1 En Dina, de dochter van Lea, die zij Jakob gebaard had, ging uit, om de dochteren van dat land te bezien.
1 Now Dinah, the daughter Leah had borne to Jacob, went out to visit the women of the land.
2 Sichem nu, de zoon van Hemor den Heviet, den landvorst, zag haar, en hij nam ze, en lag bij haar, en verkrachtte ze.
2 When Shechem son of Hamor the Hivite, the ruler of that area, saw her, he took her and raped her.
3 En zijn ziel kleefde aan Dina, Jakobs dochter; en hij had de jonge dochter lief, en sprak naar het hart van de jonge dochter.
3 His heart was drawn to Dinah daughter of Jacob; he loved the young woman and spoke tenderly to her.
4 Sichem sprak ook tot zijn vader Hemor, zeggende: Neem mij deze dochter tot een vrouw.
4 And Shechem said to his father Hamor, “Get me this girl as my wife.”
5 Toen Jakob hoorde, dat hij zijn dochter Dina verontreinigd had, zo waren zijn zonen met het vee in het veld; en Jakob zweeg, totdat zij kwamen.
5 When Jacob heard that his daughter Dinah had been defiled, his sons were in the fields with his livestock; so he did nothing about it until they came home.
6 En Hemor, de vader van Sichem, ging uit tot Jakob, om met hem te spreken.

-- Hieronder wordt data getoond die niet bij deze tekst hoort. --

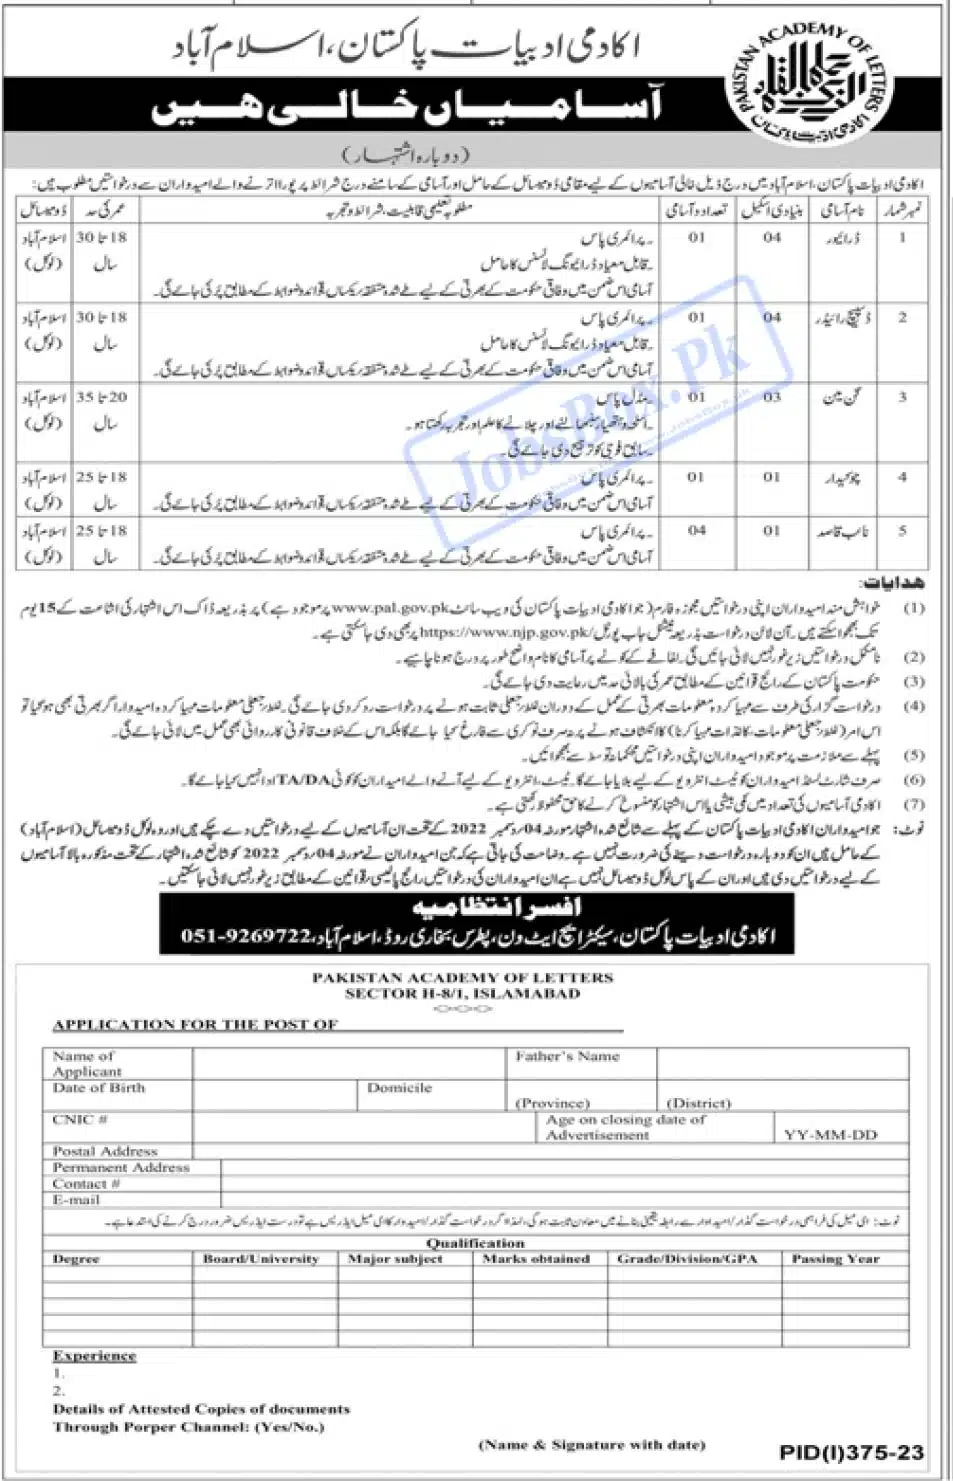 Pakistan Academy of Letters PAL jobs 2023 – Download Form via www.pal.gov.pk
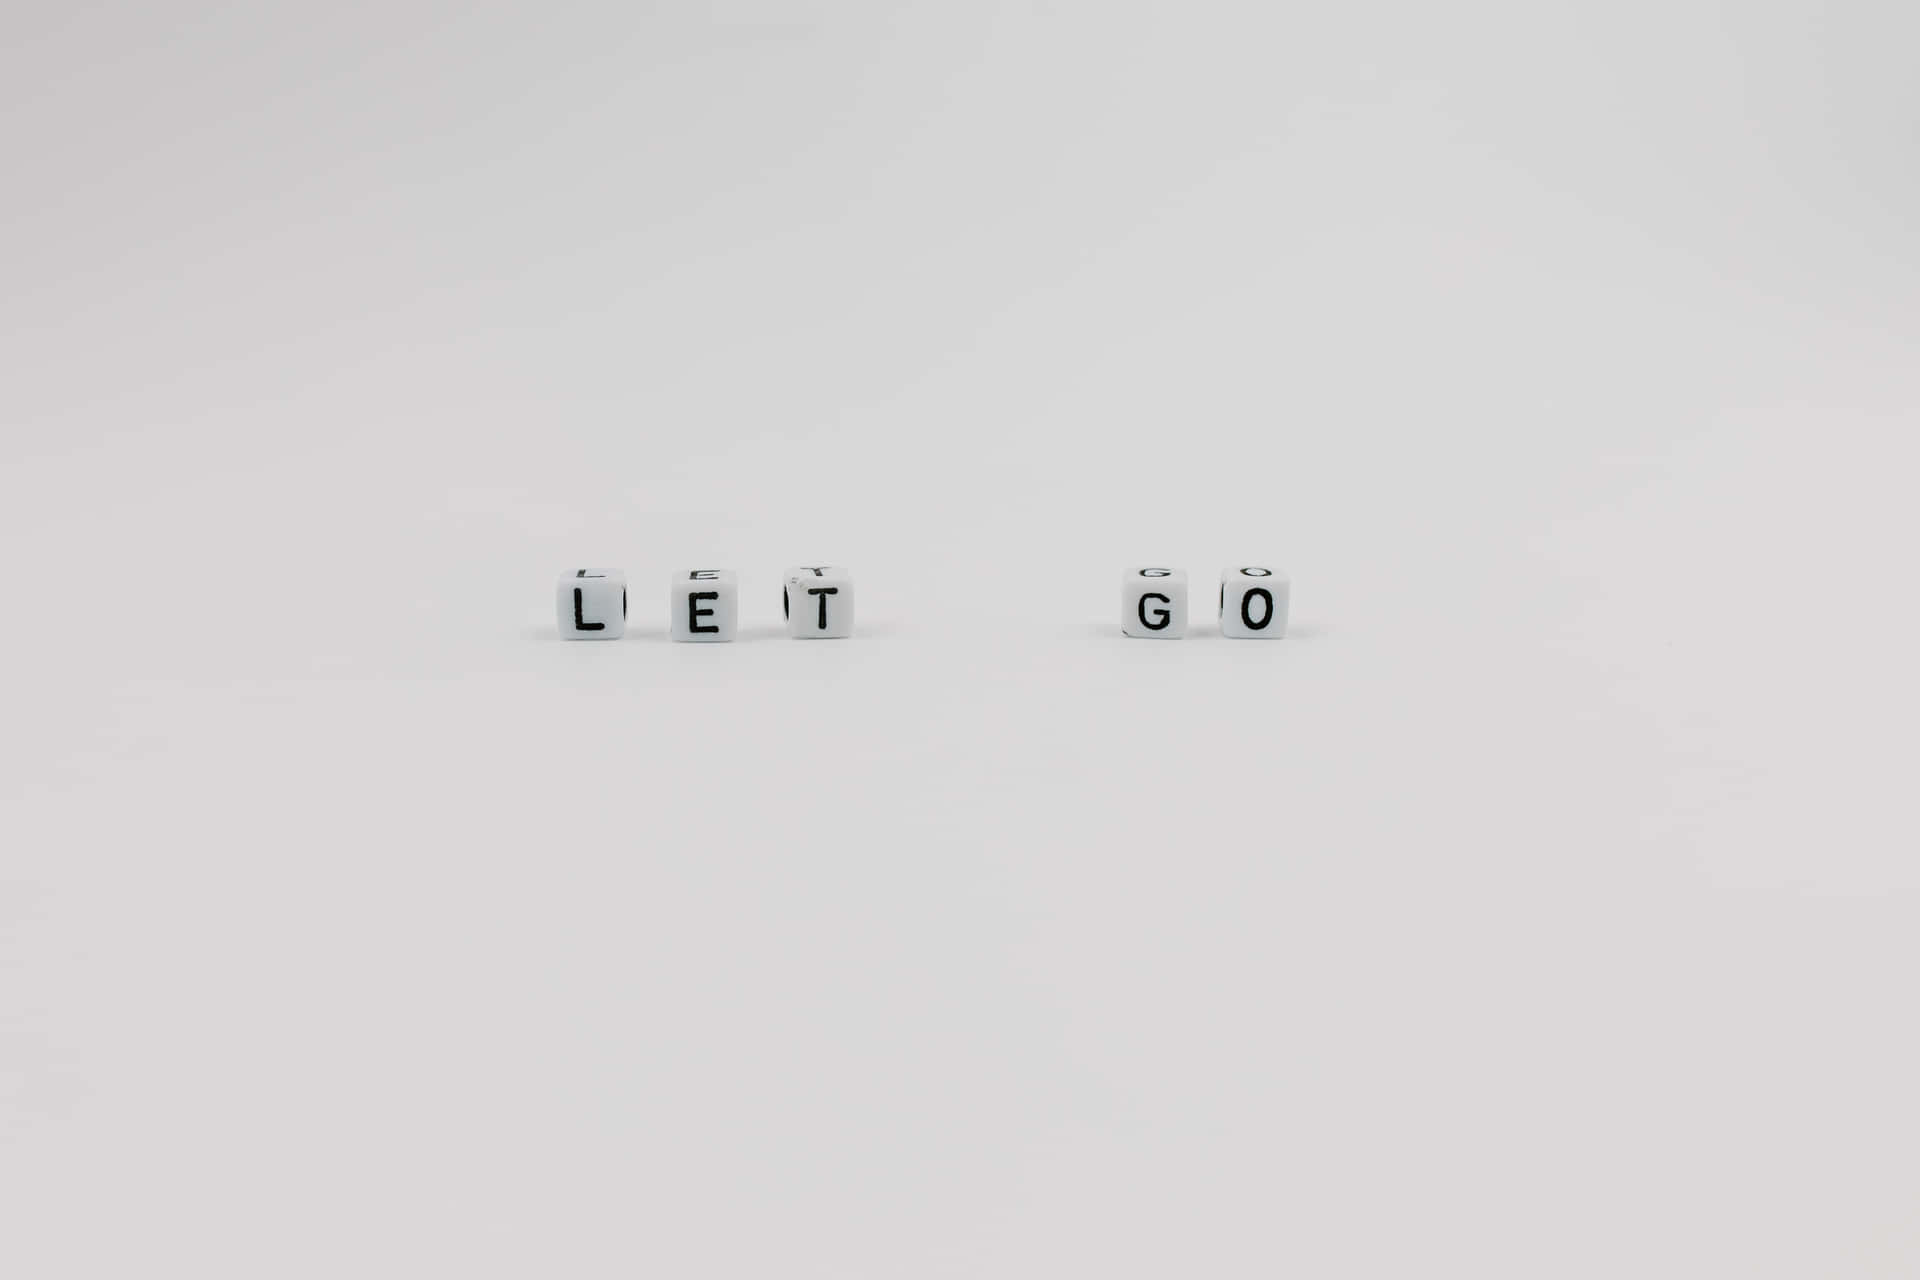 Inspirational Let it Go Blocks Message Wallpaper

6 Then Shechem’s father Hamor went out to talk with Jacob.
7 En de zonen van Jakob kwamen van het veld, als zij dit hoorden; en het smartte deze mannen, en zij ontstaken zeer, omdat hij dwaasheid in Israel gedaan had, Jakobs dochter beslapende, hetwelk alzo niet zoude gedaan worden.
7 Meanwhile, Jacob’s sons had come in from the fields as soon as they heard what had happened. They were shocked and furious, because Shechem had done an outrageous thing in Israel by sleeping with Jacob’s daughter—a thing that should not be done.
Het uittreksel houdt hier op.